Quant à la population, elle se trouve bien embarrassée car les outils même de l'opposition lui sont ôtés (la CIA ne fait jamais l'objet d'enquête, on ne remet pas en cause les agressions militaires américaines, les tortures, les entorses au droit international...). Pire, elle est endoctrinée pour le compte du capital par la désignation de nouveaux ennemis depuis que le "danger soviétique" a disparu. Saddam Hussein, qui malgré le soutien des occidentaux, n'a pu vaincre l'Iran dans les années 80 se retrouve propulsé ennemi public numéro 1 capable de réduire en poussière l'armée américaine.
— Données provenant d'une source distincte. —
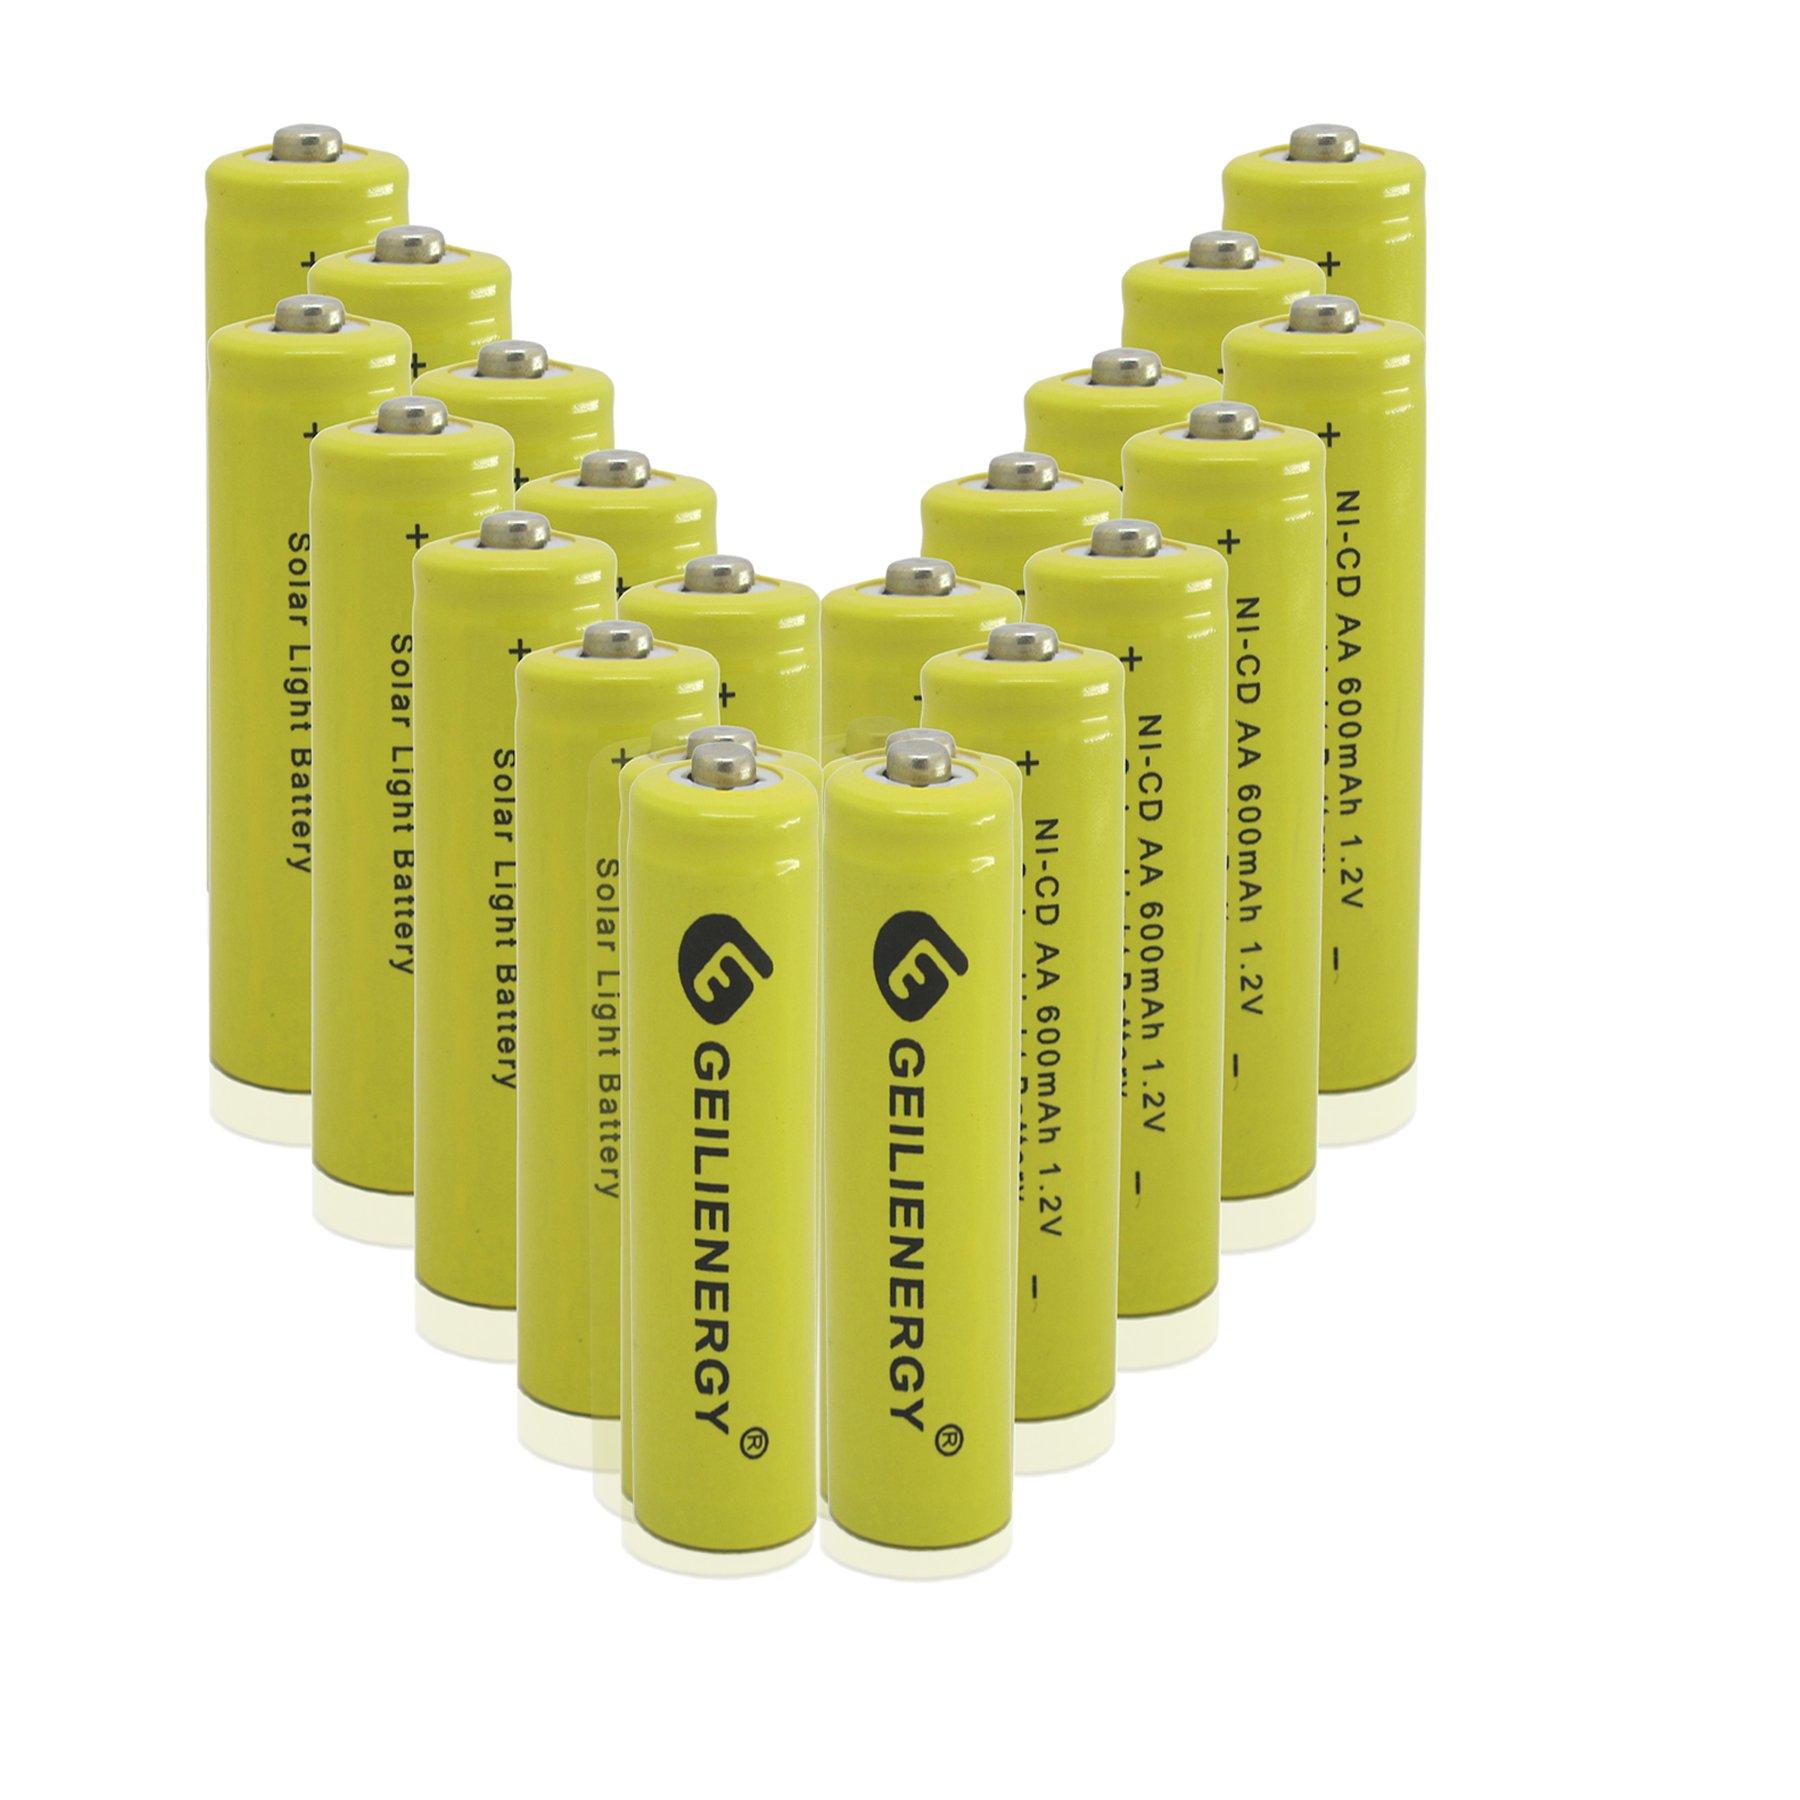 Rechargeable Batteries 600mAh Garden Lights

En cela, la propagande menée était tout à fait en accord avec le modèle lancé par le président Wilson pour l'entrée en guerre des Etats-Unis contre l'Allemagne en 1916.

Aujourd'hui, les perspectives sont sombres car tout laisse à penser que la concentration oligarchique des médias de communication va se poursuivre, à l'échelle mondiale. Son objectif restera le même : divertir la population pour vendre, endormir ses velléités de participation politique et en faire préférablement des spectateurs, lui servir non pas ce qu'elle demande mais ce qu'on lui aura appris à demander. La falsification de l'histoire (enseignement de la guerre du Vietnam), le jeu d'accusation de compromission des journalistes par les conservateurs pour leur permettre de revendiquer une apparence d'indépendance, le silence sur les actions immorales, contraire au droit international ou dénoncés chez les autres Etats, ou encore la désignation de nouveaux ennemis mortels feront partie de cette politique.
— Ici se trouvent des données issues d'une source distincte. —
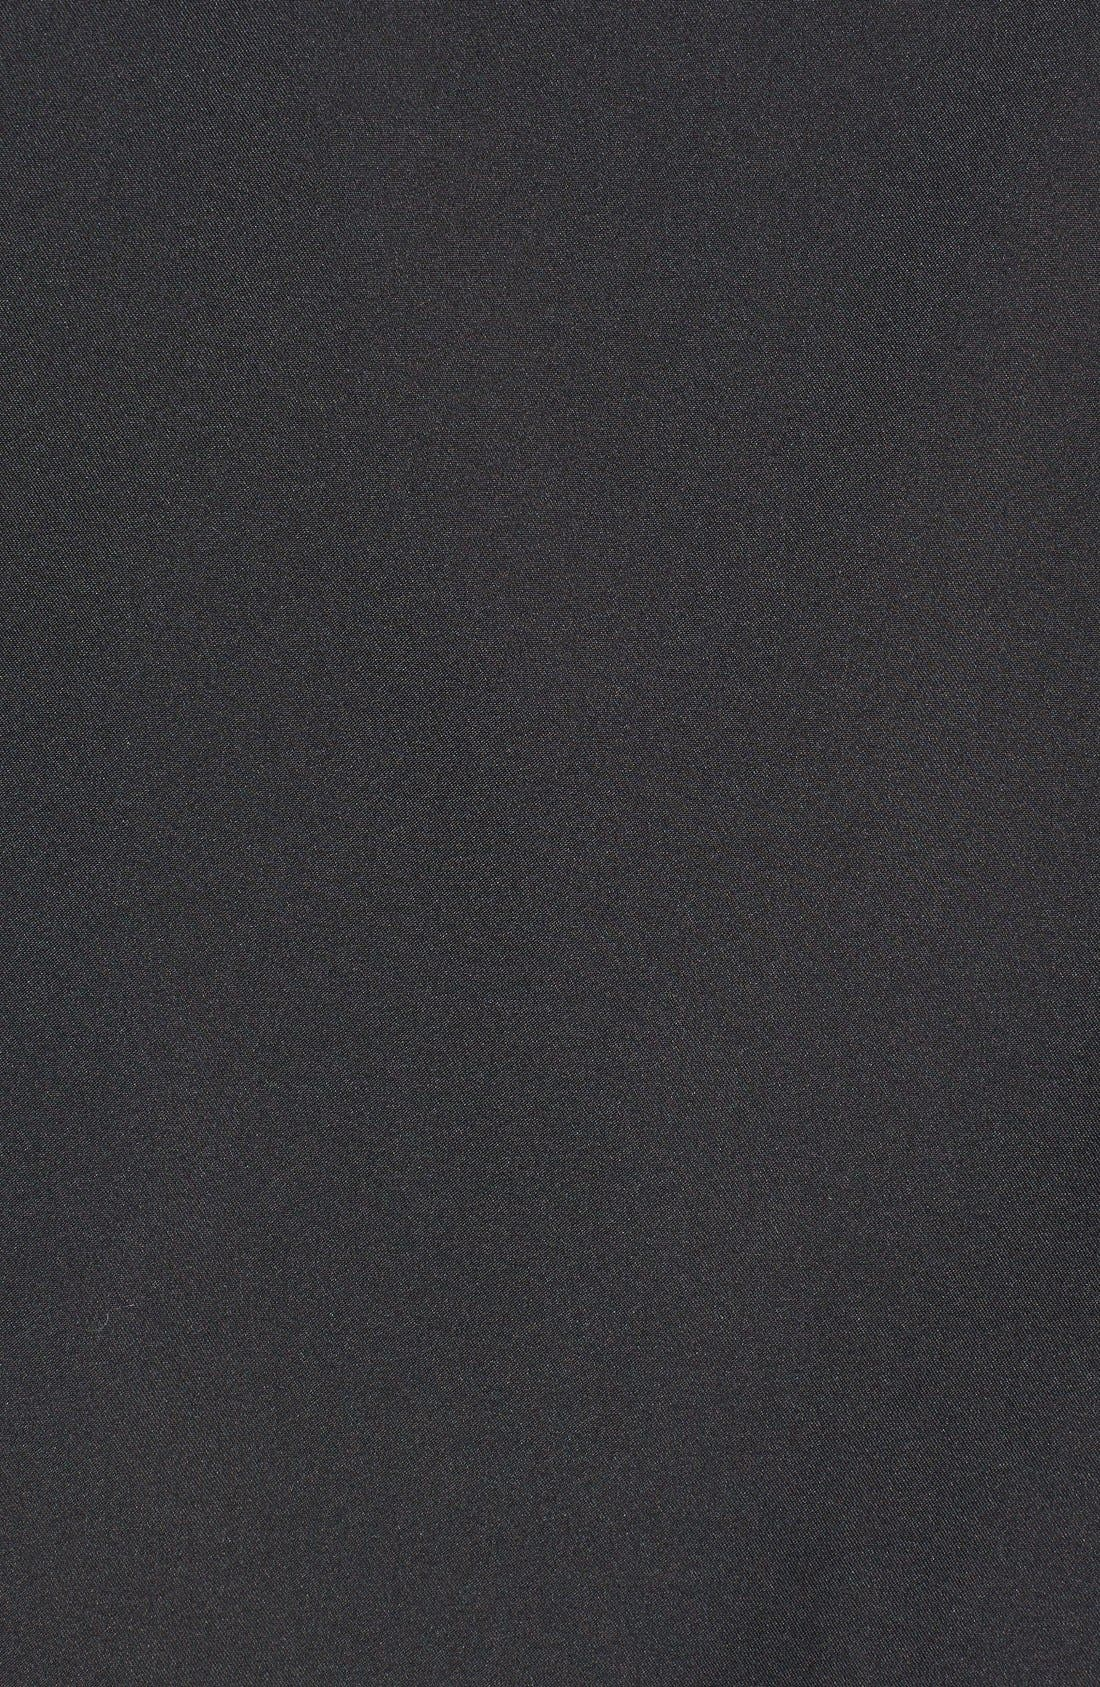 New Orleans Saints - Beacon WeatherTec Wind & Water Resistant Jacket,                             Alternate thumbnail 3, color,                             Black

La solution pour sortir de ce système serait l'établissement de médias démocratiques serait le partage de financement entre le milieu des affaires et de l'Etat, la promotion d'un espace publique non lucratif, non commercial et non lié aux intérêts de l'Etat, financé par un impôt sur la publicité lucrative et la location des canaux de fréquences de diffusion, ou encore l'interdiction pour une société de posséder plus d'un média. Des organismes de luttes se forment. Cependant, le chemin est encore lointain et la concentration des médias annoncée par l'avènement d'internet (nous sommes en 2000) continuera sans doute encore pour de longues années.
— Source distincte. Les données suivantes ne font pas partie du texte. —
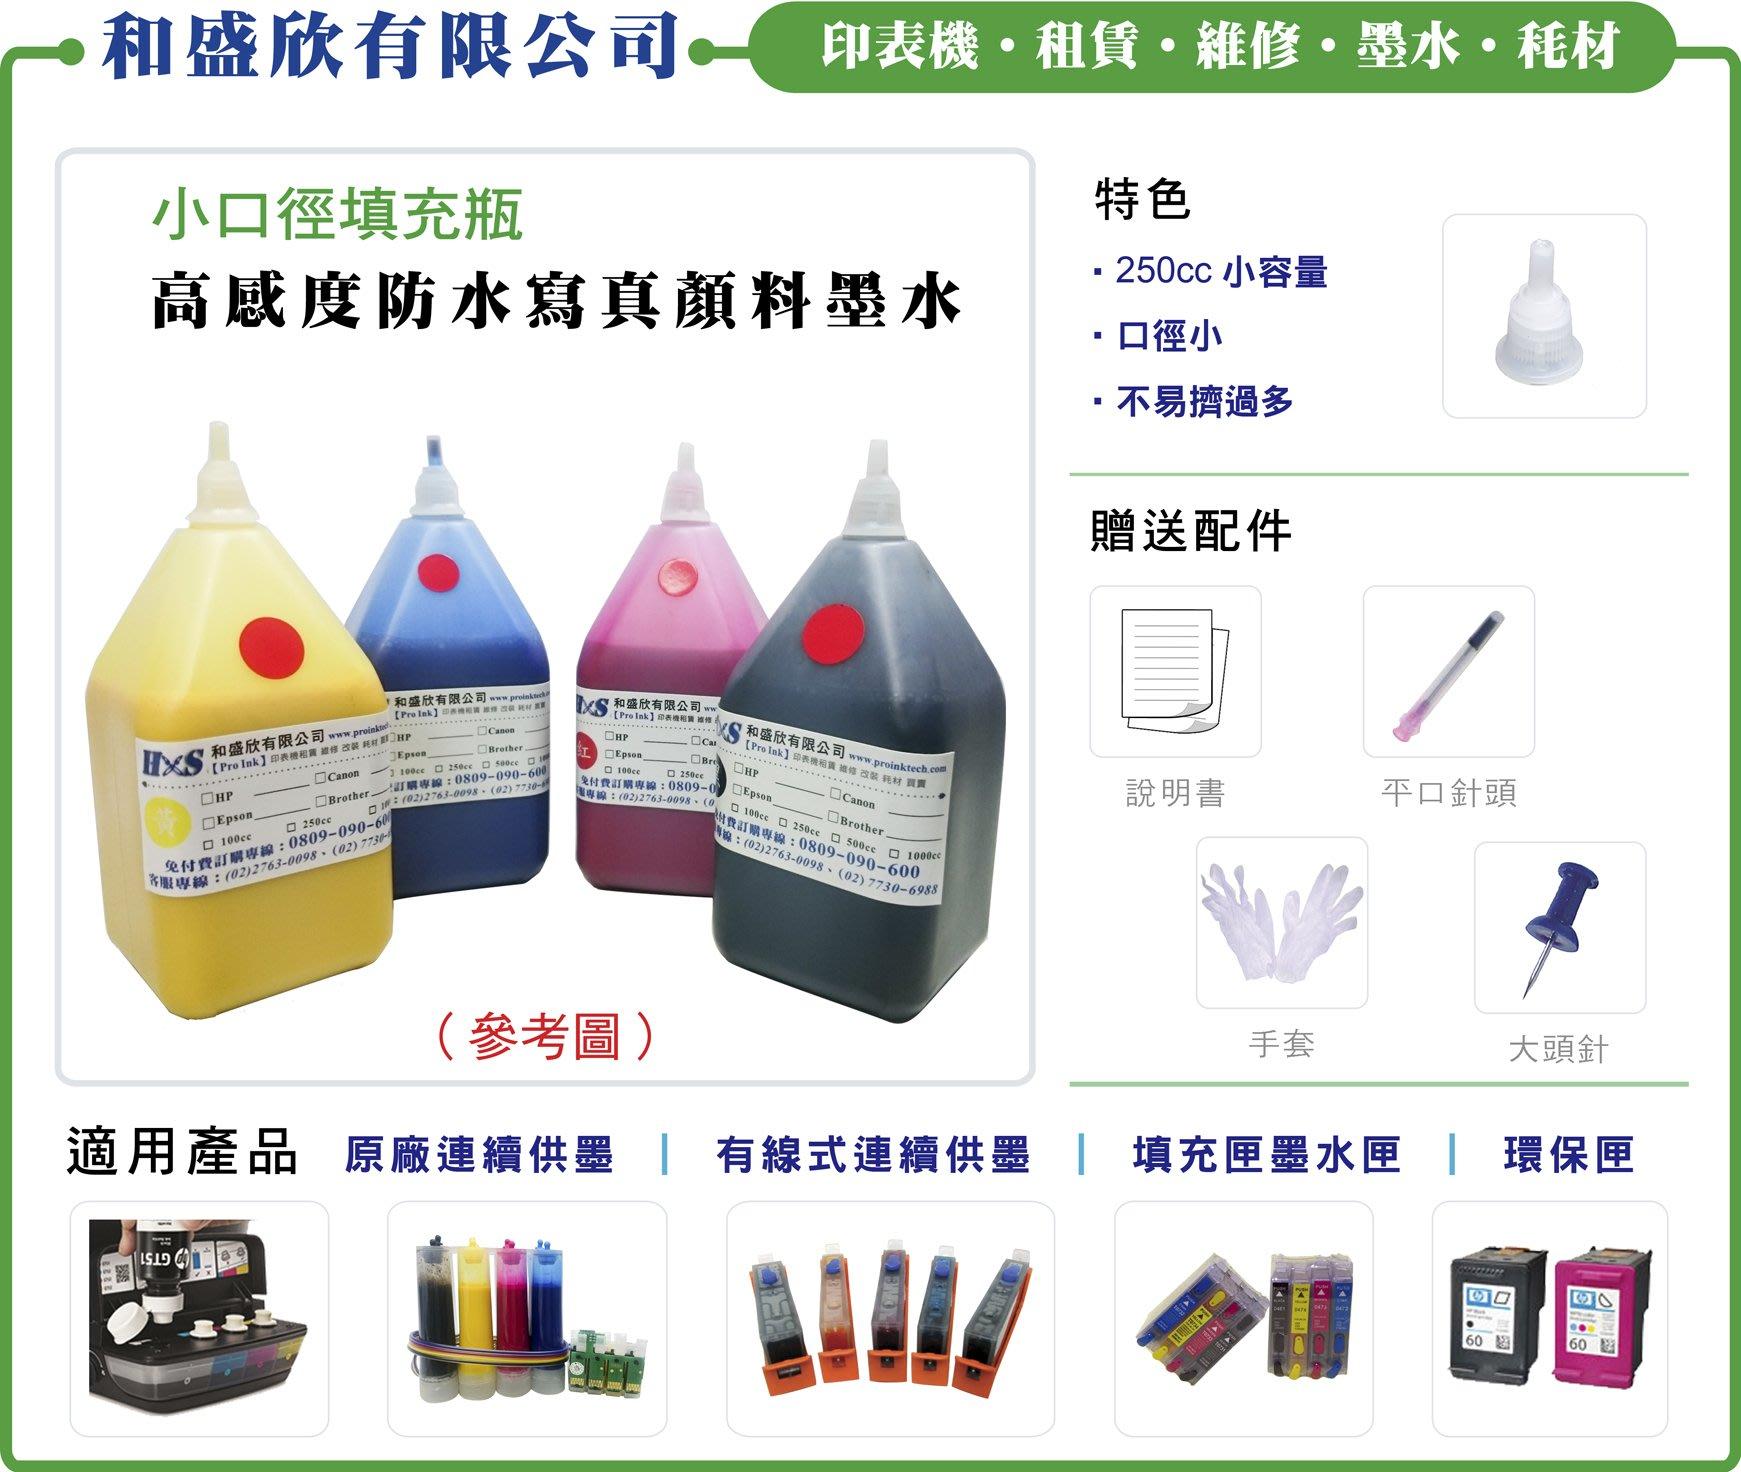 【Pro Ink 連續供墨】HP B109a/ B109n/ B110a/ B209a 專用防水寫真顏料 250cc

Il est amusant de noter qu'en 2000 les auteurs ne prévoient pas un déploiement "large bande" d'internet à l'échelle mondiale avant 2050 et que les citation des patrons de groupes de communication ne l'envisagent pas comme un système concurrentiel. Par ailleurs, ces réflexions pamphlétaires, si elles touchent, manquent certainement, pour la partie de Chomsky, de références et de précisions (certaines phrases sont mêmes inscrites en discours direct libre si bien qu'on ne sait plus qui parle). Mais il ne faut sans doute pas remettre en cause leur validité du fait qu'on les retrouve (plus posément établies) chez Eric Vigne (Le livre et l'édition), Umberto Eco dans son essai sur Superman (http://www.persee.fr/doc/comm_0588-8018_1976_num_24_1_1364) ou, en littérature Chloé Delaume (j'habite dans la télévision, les sorcières de la République), Emmanuelle Pireyre (Féérie générale), et, du point de vue de la philosophie politique européenne, chez Jean-Luc Ferry (l'Etat Européen) ou Jürgen Habermas (par ailleurs cité dans l'essai). le pamphlet permet aussi de comprendre pour partie une dérive "populiste" que l'on ne cesse de révéler dans l'espace public français (et européen).